American Psycho hits 4K Ultra HD with a Dolby Vision/HDR transfer and a 2.35:1 aspect ratio. The brightness is vibrant and bright without any bloom whatsoever. Also, the black levels are inky and dark but there is a lot of crush in the shadow details. Unfortunately, the color saturation is inconsistent but this might be because of the source material. Some scenes look desaturated while some have a natural colonization to them. The skin tones have a warmness to them.
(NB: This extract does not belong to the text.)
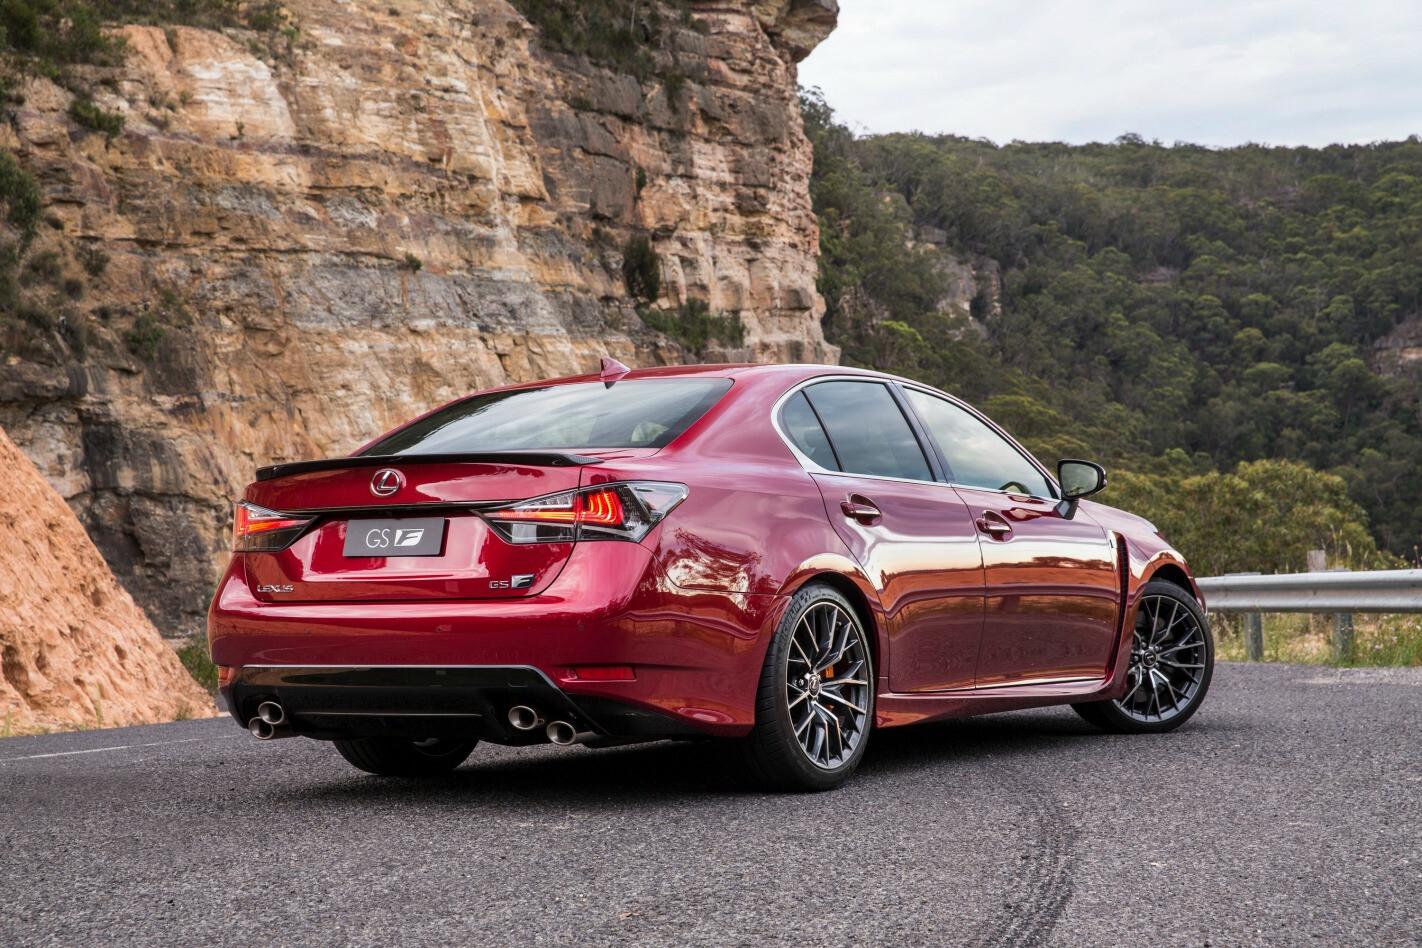 Lexus GS F Rear

Much like the saturation, the contrast is inconsistent as well. Some scenes look a little bit flat but other scenes have a nice depth to them. Fortunately, the detail clarity is sharp and crisp. The film grain is barely noticeable as well. Overall, this is a decent video presentation.

Rating: 3.5/5 atoms

American Psycho - Christian Bale

American Psycho hits 4K Ultra HD with a Dolby Atmos and a core 7.1 Dolby TrueHD track. This review will reflect American Psycho‘s core 7.1 Dolby TrueHD Master Audio track. Because of the nature of the film, the audio mix is very static. There isn’t a lot of sound effects within the film, so there’s not a lot of opportunities for dynamic pans. However, there is a lot of music that does fill up the soundstage. This is where most of the immersion comes from. However, when there are sound effects (like the chainsaw scene), it fills up the entire soundstage like a sonic boom.

The awesome soundtrack and score subtly and loudly play across the soundstage to great effect. Since this is a dialogue-heavy film, the dialogue sound so incredibly crisp coming from the center channel. Also, the dialogue is never drowned out by the music. Needless to say, there isn’t a lot of LFE in this mix either. Overall, this is a good audio mix.

Rating: 4.5/5 atoms

Special Features

American Psycho‘s 4K Ultra Hd Blu-ray has the following special features on it:

  • New Audio Commentary witg Director and Co-Writer Mary Harron
  • Audio Commentary with Director and Co-Writer Mary Harron
  • Audio Commentary with Co-Writer and Actor Guinevere Turner
  • Deleted Scenes
    • People… Wanna Get Caught
    • I’m Leaving
    • You Want Me To… Floss with It?
    • Is It a Receptacle Tip?
    • Never Date a Vassar Girl
  • The 80s Downtown
  • American Psycho: From Book to Screen

The deleted scenes are featured in such a weird way. Each scene features interviews with some of the cast members before each scene. At first, there’ll be some confusion on whether or not you’re on the right special feature. However, the deleted scenes as a whole never would’ve added anything to the film.

“The 80s: Downtown” is another weird and dated featurette. This piece has various people talking about the eighties. The weird thing is that random text overlays appear during the interviews. In a way, it’s similar to someone just finding out that they can animate text over videos so they go overboard with it. Nevertheless, the eighties were a time of excess so everyone’s stories are all interesting to listen to.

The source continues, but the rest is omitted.